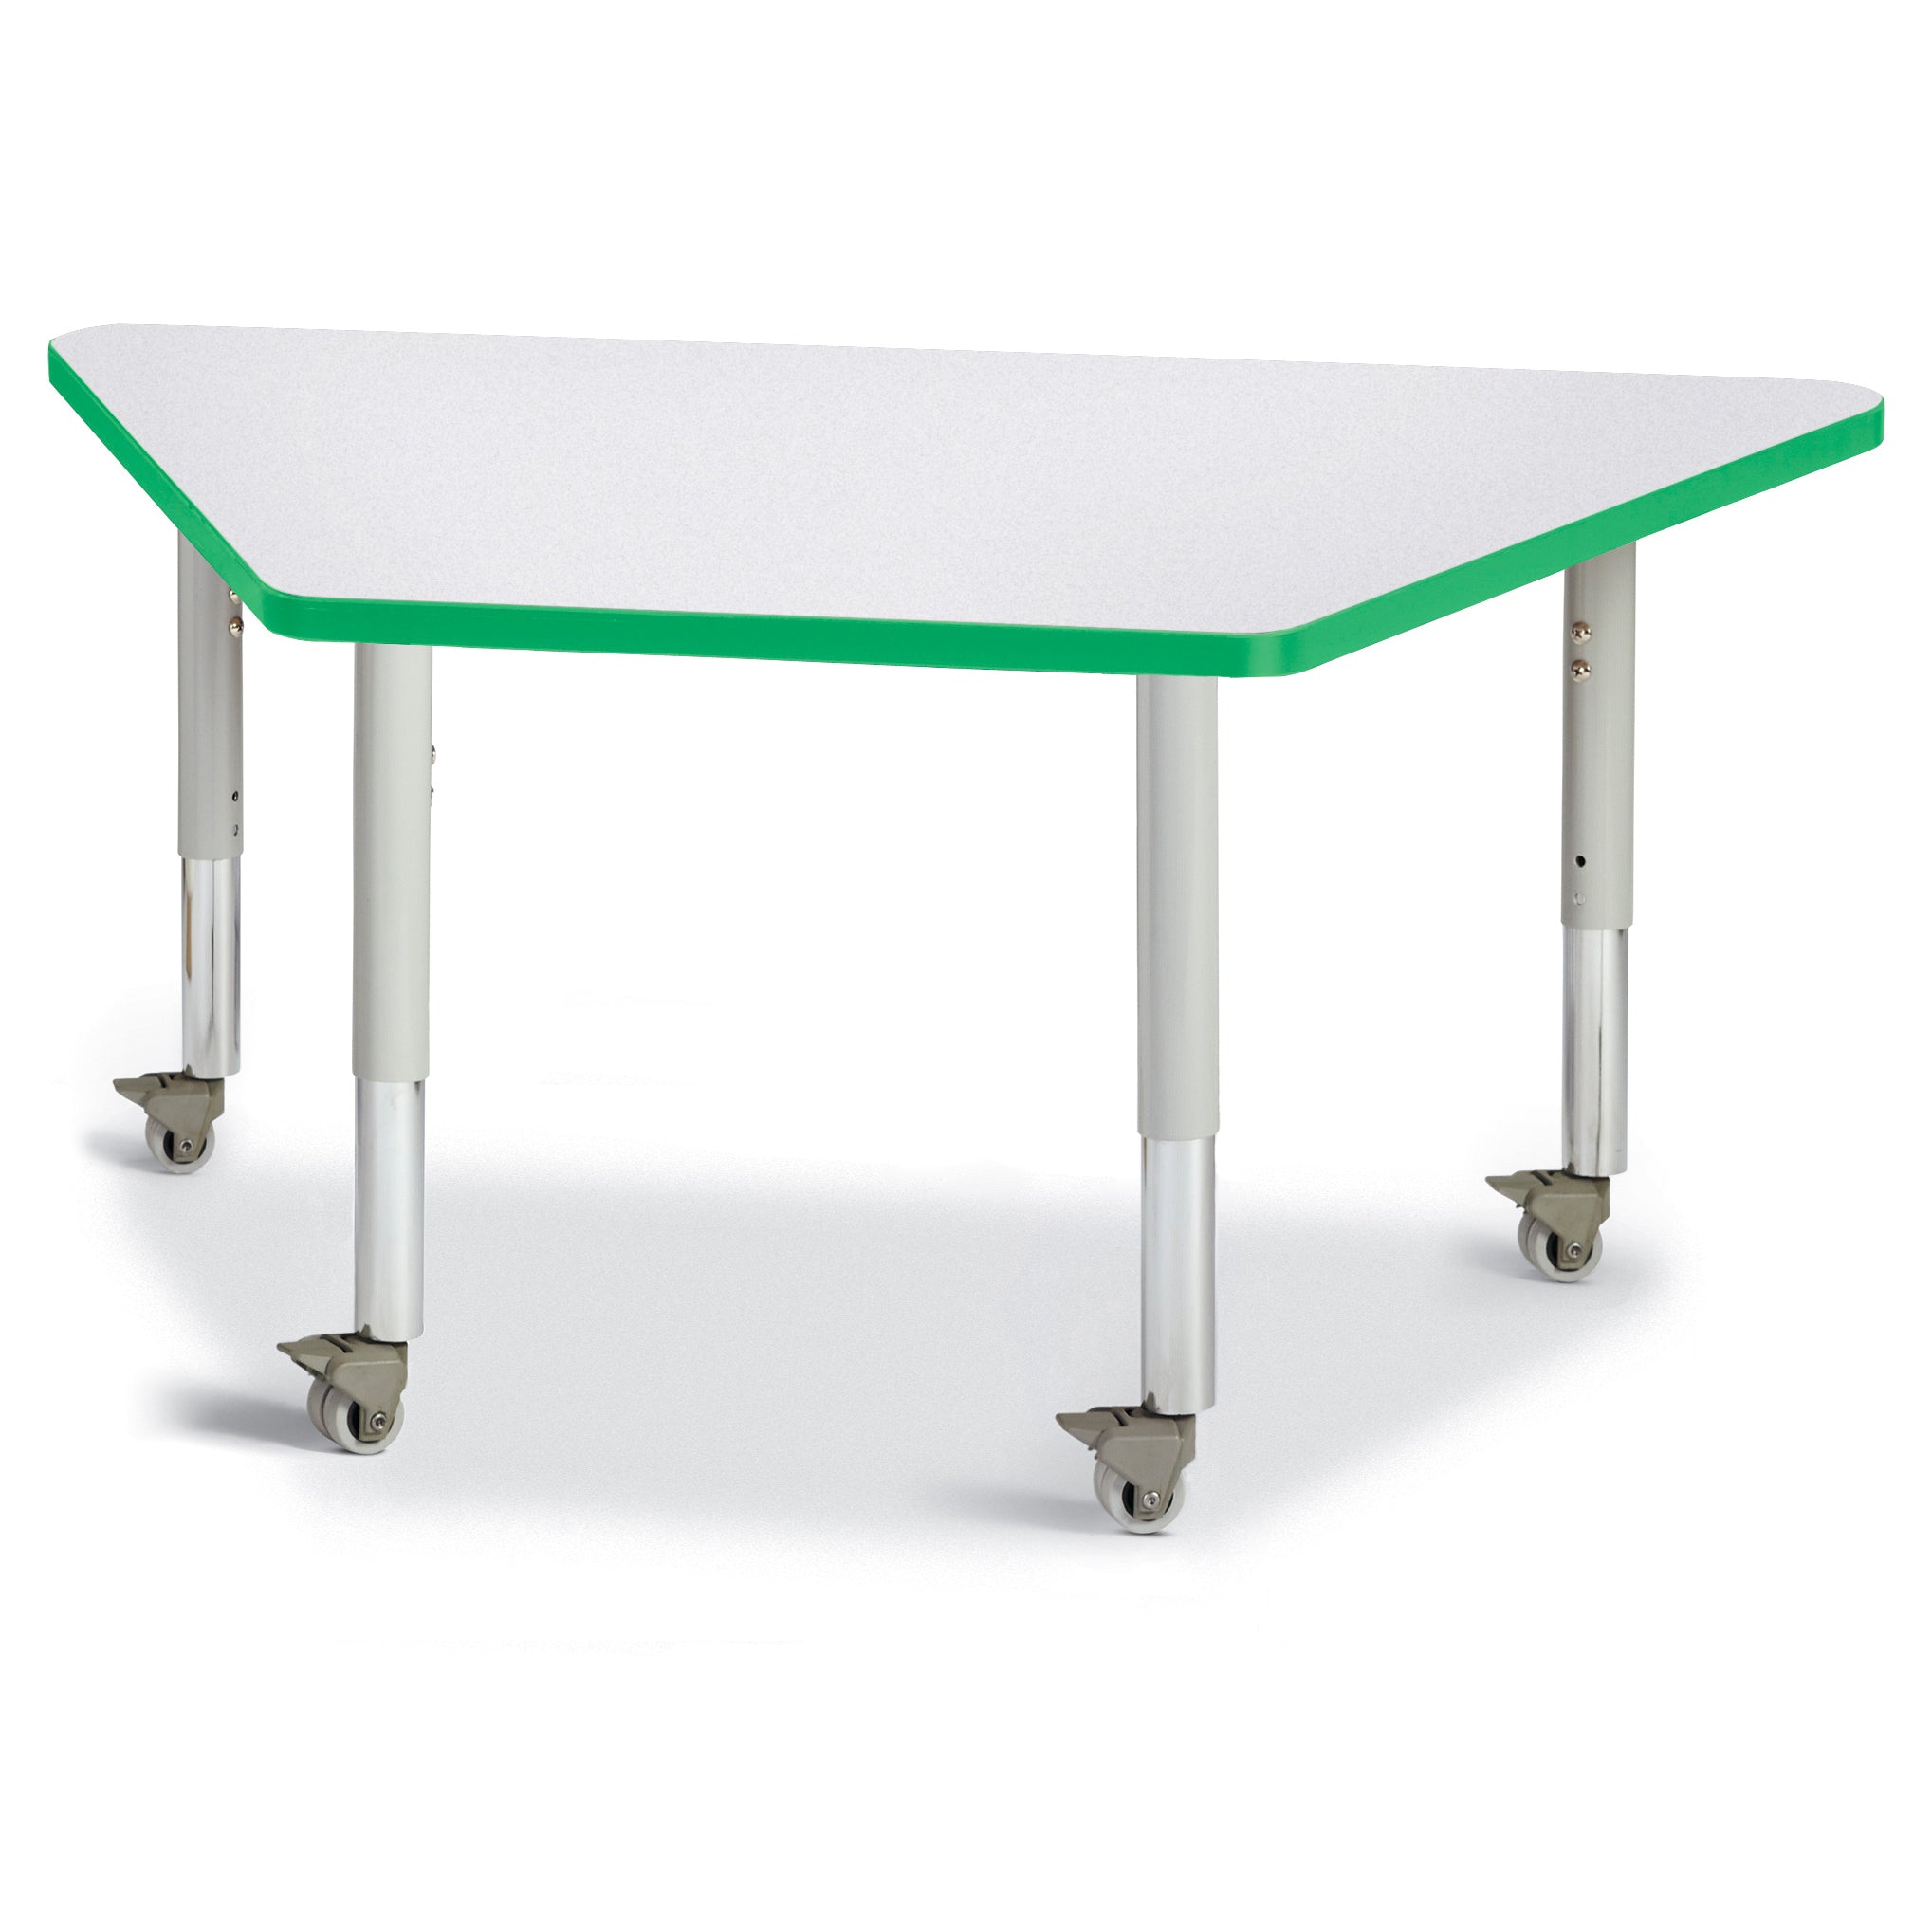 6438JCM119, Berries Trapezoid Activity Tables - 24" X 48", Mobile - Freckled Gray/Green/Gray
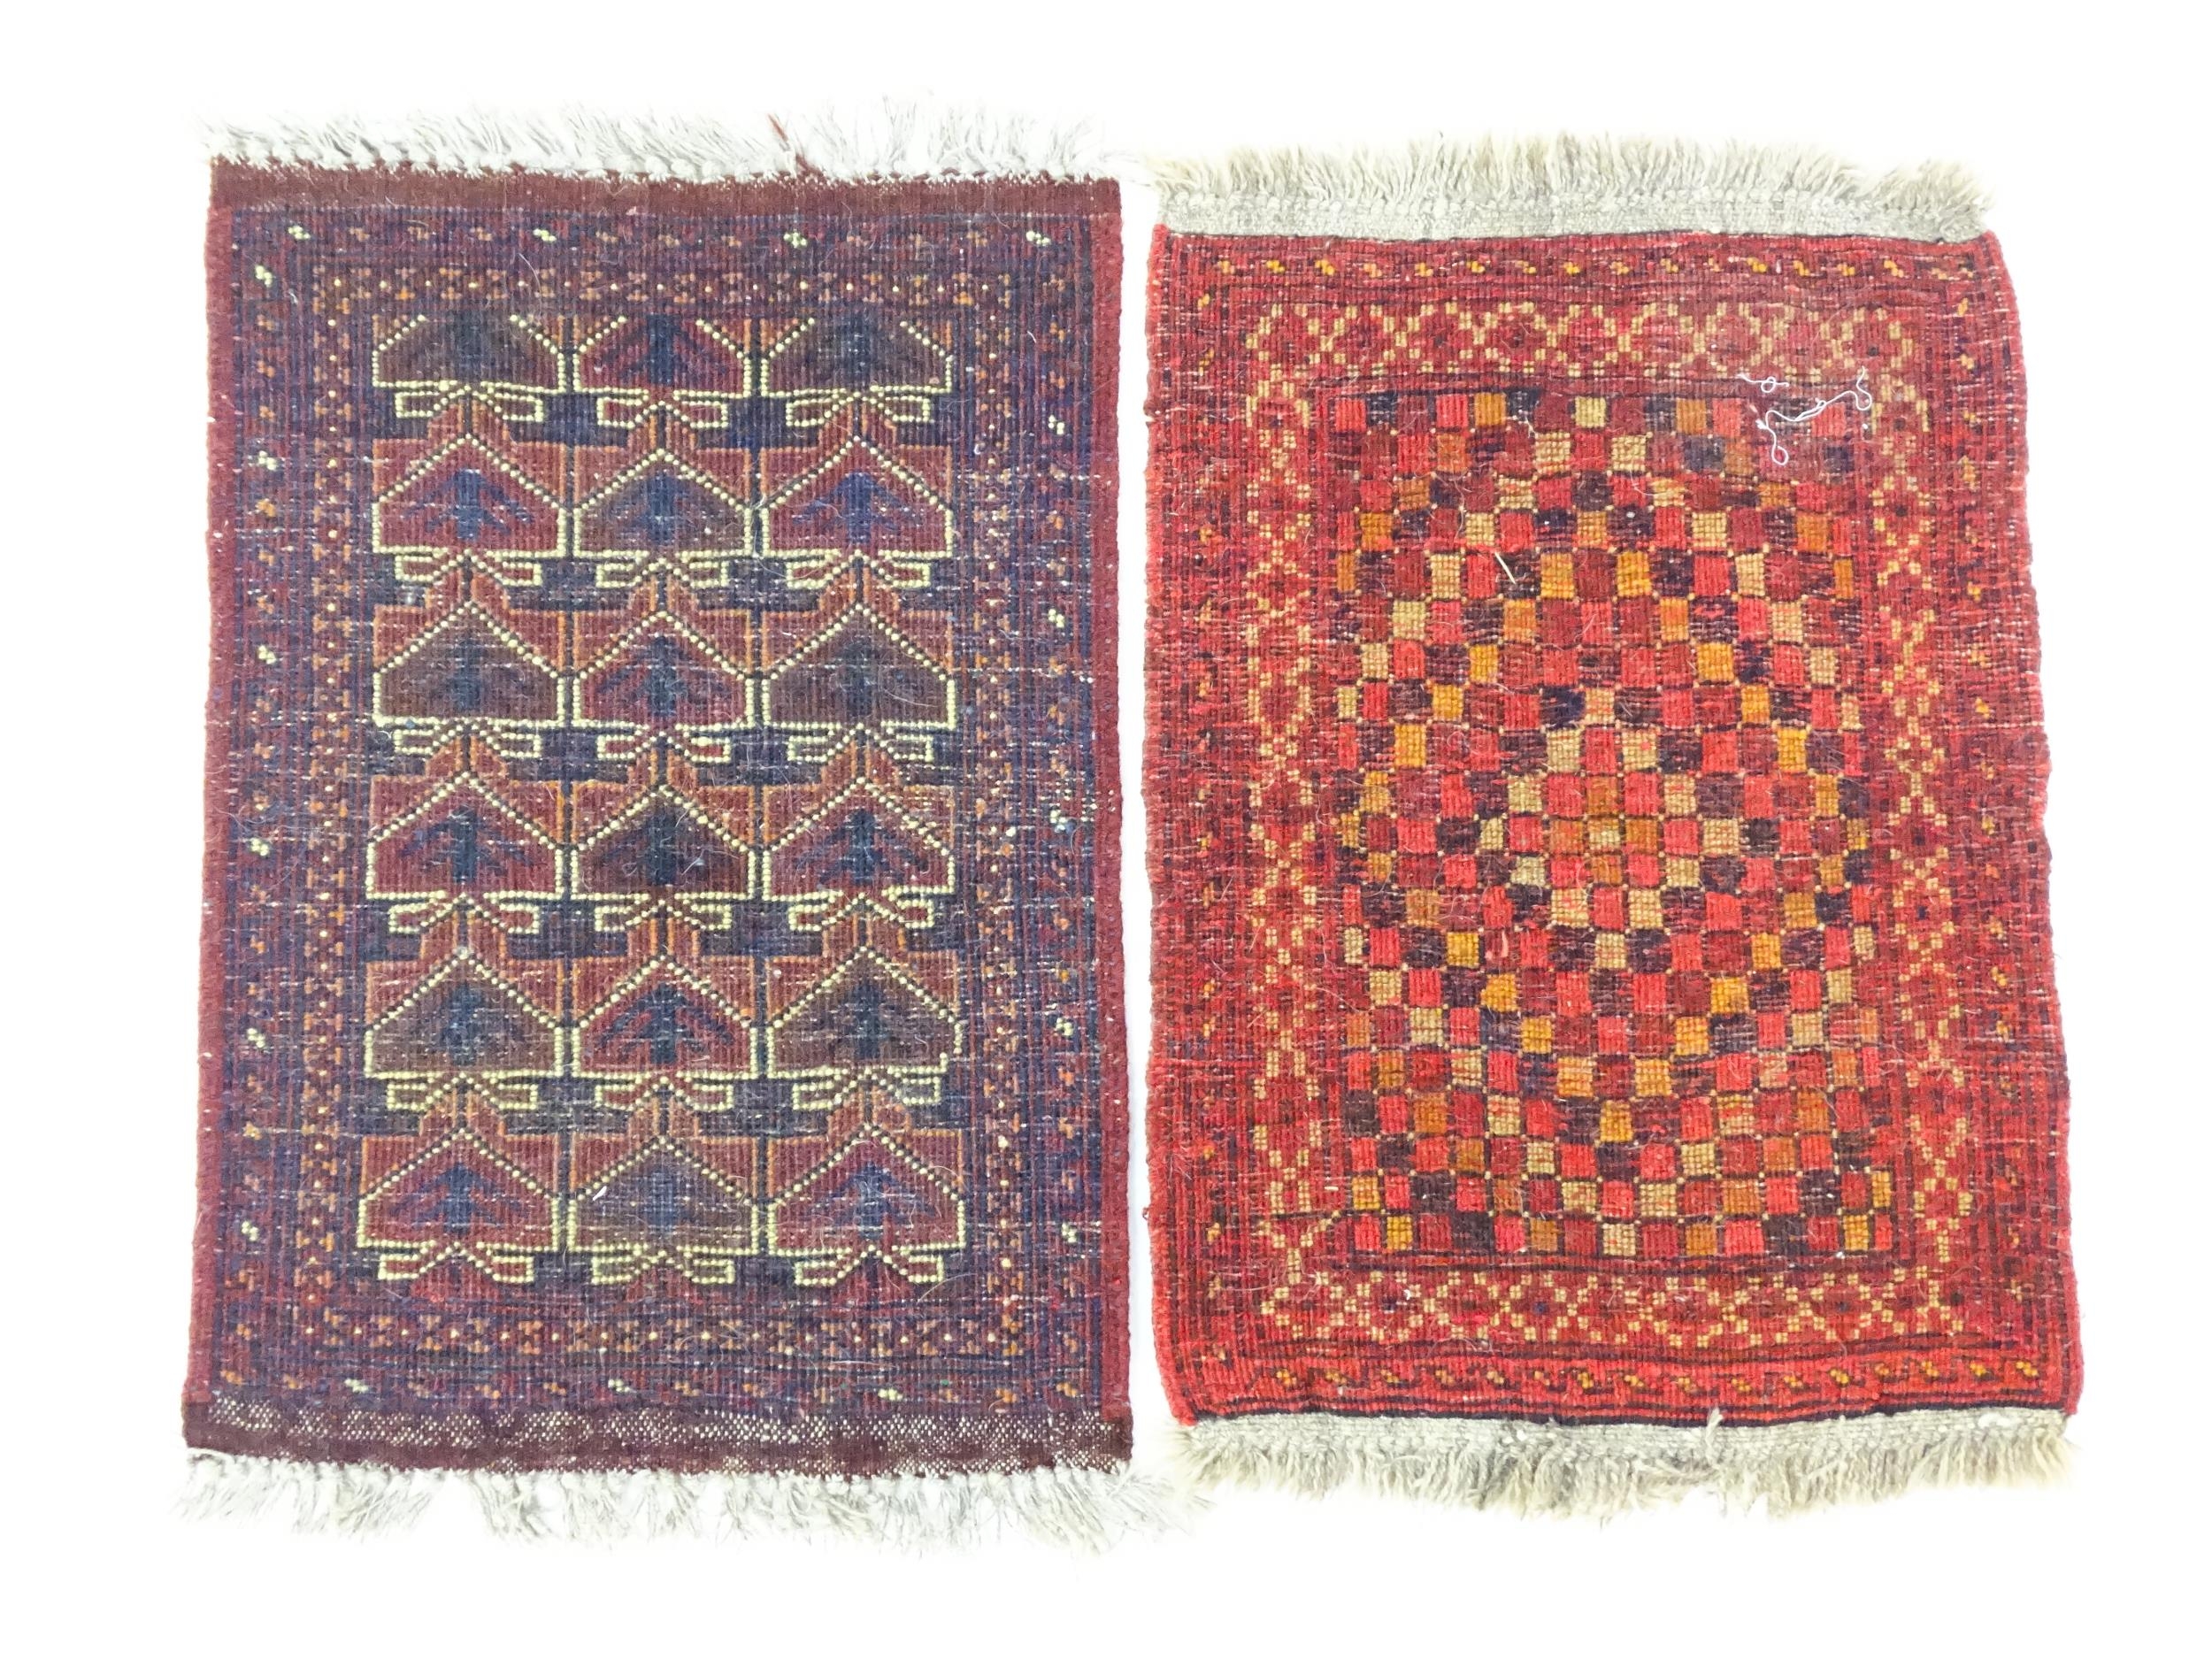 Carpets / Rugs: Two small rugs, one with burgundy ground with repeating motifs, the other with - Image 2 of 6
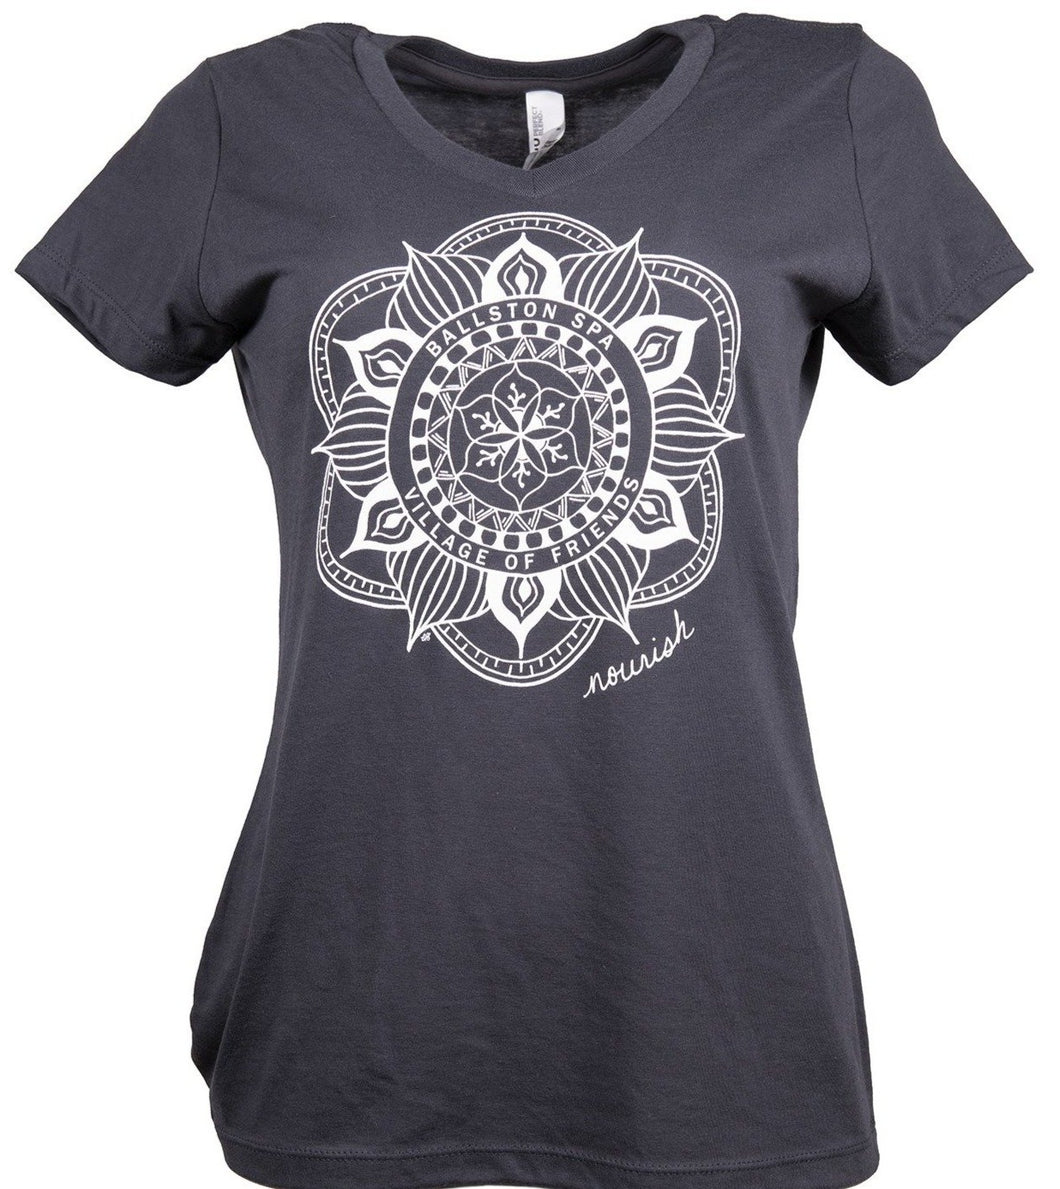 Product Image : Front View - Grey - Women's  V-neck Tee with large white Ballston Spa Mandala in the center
◆ ◆ ◆ ◆ ◆
- [DESCRIPTION OF THE TASK]: From the line that holds "Carpets / Rugs: Two" down to the last line of the material above, every line is to be copied exactly, both ends included; pictures are to be omitted.

- [RESULT OF THIS EXERCISE]:
 Carpets / Rugs: Two small rugs, one with burgundy ground with repeating motifs, the other with - Image 2 of 6
 Product Image : Front View - Grey - Women's  V-neck Tee with large white Ballston Spa Mandala in the center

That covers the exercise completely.